My understanding is that we should never shrink the database in production to free up space? Rather, we should shrink the Transaction log.

Could someone explain why? Thanks!

  • No, you shouldn't shrink either one, unless a one-time large growth has occurred that you don't need the extra space for under normal operations. – Erik Darling Apr 5 '17 at 16:59
  • what if we don't have any disk space to enlarge the database? – sw4949 Apr 5 '17 at 17:13
  • Well, never ever shrink the database to free up disk space to enlarge the same database. If the database has free space to shrink, then it will use its existing free space if it needs to store more data. – RDFozz Apr 5 '17 at 19:12

To elaborate on sp_BlitzErik's comment:

Generally, you should not be shrinking data or log files on a regular basis.

Shrinking the data file:

  • Impacts performance in the long run, as it can cause fragmentation (as it may have to move pages to create a contiguous block of free space at the end of the file);
  • Impacts performance while the shrink is happening;
  • is logged in the transaction log (and thus, can cause that to get bigger); and
  • will impact performance later, when more space is required and the file has to grow again.
  • also: risks failure if other files have used up the available disk space, and the file doesn't have room to grow again.

Shrinking the transaction log can be even more tempting, as it may normally show most of its space as unused. Most of the points above for the data file also apply to the log file (log file shrink won't be logged and cause the log file to grow), but it has some unique concerns:

  • The log file may require 30GB to support a job that runs every night at 2AM, but only require 500MB during the business day. So, shrinking it may be undone every day, making it pointless to do so.
  • The log file can suffer fragmentation (on SQL Server at least - search on "virtual log files").

Basically, the only time when shrinking either file makes sense is after unusual activity.

For the data file, if a large amount of data has been removed, and will not be repopulated over time, then it can make sense to shrink the file. If you have a database where data is remove and archived elsewhere once a year - it's being repopulated, and I wouldn't shrink the file. If you discovered a problem with that database, where one very large table was left out of the archive, and you cleaned it up and deleted 8 years of data - then, it might make sense to shrink the database.

Sometimes, you may decide to shrink a database after that annual archive, because there's hardly any free disk space on the server. This is a stopgap measure; I would make sure I had put getting more disk space in motion before I shrank the database, because you know you'll need it.

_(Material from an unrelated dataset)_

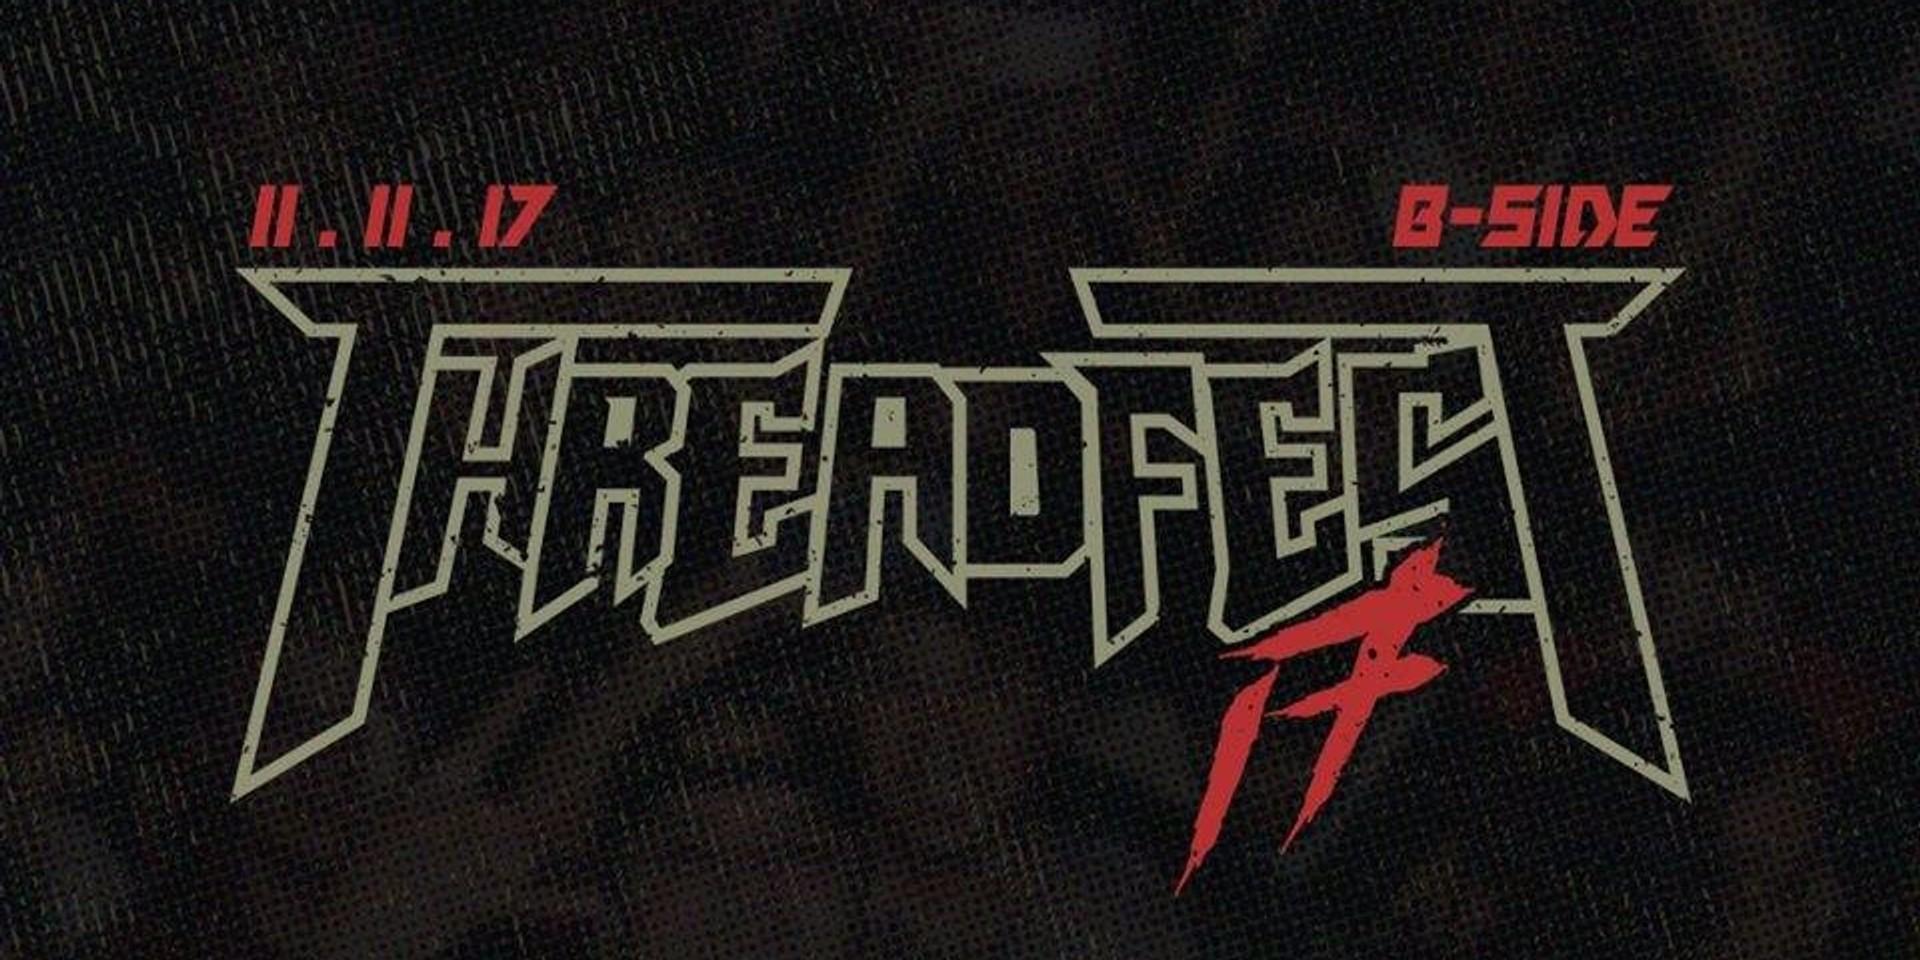 Threadfest Manila returns with Greyhoundz, Chicosci, Typecast, and more

For log files, the circumstances when it makes sense to shrink them are even more limited. If your database is configured for point-in-time recovery (in SQL Server, the FULL recovery model), but you have not been taking transaction log backups, the transaction log could grow very large. Once you've got the transaction log process up and working, it probably makes sense to shrink the log file. Similarly, if you execute a single transaction that moves a lot of data, that could cause the log file to grow (it has to hold all the data to roll back the current transaction, regardless of the recovery model). If this is a process that occurs rarely (for instance, a twice-a-year load of millions of prospects into a sales database), it may make sense to shrink the log file afterwards. However, even here, allowing other files to grow into the space the transaction log required for that load may mean the load fails the next time you run it, because there's no longer enough free disk to grow the transaction log to the size it needs to be.

To summarize, shrinking data or log files does nothing to help your database run better, can make it run worse, and increases the likelihood that you'll run out of disk space down the road. If you're doing it to free space on your disk for other things, outside of the few specific cases where there's been known abnormal growth, you're only putting off the inevitable, and you better be working on getting more disk space somehow.